Câncer, depressão e suicídio

O suicídio de pacientes com diagnóstico de tumores malignos é raro, mas não deixa de ser um perigo real

Por Riad Younes*

A recente morte do ator americano Robin Williams chamou a atenção do mundo todo sobre os riscos de pessoas com depressão e com uso crônico de drogas e bebidas alcoólicas de cometerem suicídio. Estudos foram amplamente discutidos na mídia que comprovam a maior incidência de tentativas de suicídio em pacientes com depressão grave, comparados com pessoas normais na sociedade.

Recentemente, no entanto, recebi a informação de familiares de que uma paciente também cometeu suicídio. Ela foi diagnosticada com câncer de pulmão, já espalhado para o fígado. Estava fazendo exames preliminares para iniciar a quimioterapia. Não chegou a receber a primeira dose do tratamento. Infelizmente ela morreu tragicamente.

Apesar de não ser uma ocorrência muito comum, o suicídio de pacientes com diagnóstico de tumores malignos é um risco real. O estresse psicológico da doença e a perspectiva de sofrimento, muitas vezes não realística, podem levar alguns pacientes a considerar seriamente em terminar com a própria vida.

Um grupo de cientistas do Instituto Karolinska, em Estocolmo, na Suécia, associado a colaboradores da Universidade Harvard, nos EUA, recentemente publicaram um estudo extenso na prestigiosa revista médica New England Journal of Medicine.

Durante mais de 15 anos, eles avaliaram mais de 6 milhões de suecos para determinar a possível associação com o diagnóstico de câncer e a morte precoce por doenças cardiovasculares ou suicídio. Comparados com as pessoas sem câncer, os pacientes com diagnóstico de tumores malignos tiveram risco significativamente elevado de suicídio. Observaram que o risco de um paciente cometer suicídio, na primeira semana após o diagnóstico, era 12 vezes maior que a população normal, e no primeiro ano era três vezes maior.

Em cada mil pessoas que saíram do consultório médico com a notícia de serem portadores de um câncer, estima-se que 2,5 pacientes acabem com a própria vida nos sete dias seguintes ao diagnóstico. Nesse mesmo estudo, houve também um aumento de mais de cinco vezes do risco de essas pessoas terem infarto. Os pesquisadores não incluíram nesse estudo estatísticas sobre pacientes que tentaram se matar, porém sem sucesso. Somente os óbitos confirmados foram analisados.

O fator que mais impactou o risco de morte precoce foi a informação de câncer avançado, disseminado pelo corpo. Exatamente o que a paciente acima teve.

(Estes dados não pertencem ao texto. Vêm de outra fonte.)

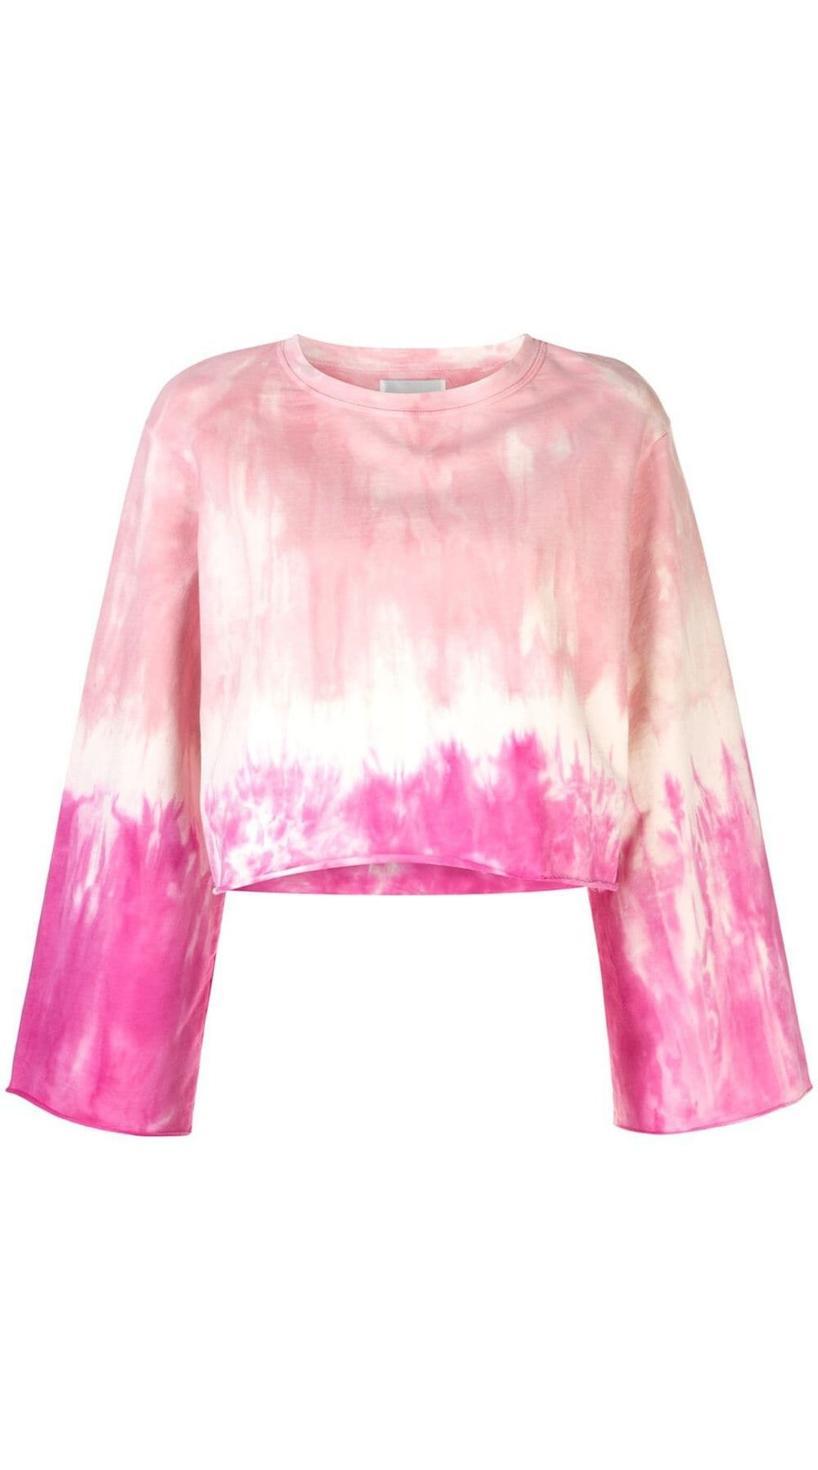 Tie Dye Trend, Tie Dye pieces, Tie Dye clothes, Tie Dye, Tie Dye fashion, Tie dye shirts, Tie dye pants, Tie dye sweaters, Tie dye phone cases, Tie dye bags

Por outro lado, à medida que o tempo passa e os tratamentos se sucedem, os pacientes apresentam uma queda drástica do risco de suicídio.

Os elevados números de mortes, ocorrendo imediatamente após o diagnóstico de câncer, foram considerados um alerta para as autoridades de saúde pública, assim como para os oncologistas. Recomenda-se rever as rotinas de abordagem dos pacientes nos centros de oncologia. A atenção relativa a problemas básicos psicológicos ou psiquiátricos devem fazer parte integrante da avaliação clínica dos doentes com câncer. A percepção de traços importantes de depressão ou de estresse emocional deverá ser o alerta para considerar acompanhamento psiquiátrico precoce.

Atualmente, a Organização Mundial da Saúde determinou que suicídios são, na maior parte das vezes, evitáveis. É obrigação de médicos e familiares atentarem aos momentos de maior fragilidade para proteger os pacientes com câncer mais vulneráveis.

*Riad Younes é médico, diretor clínio do Hospital Sírio-Libanês e professor da Faculdade de Medicina da USP.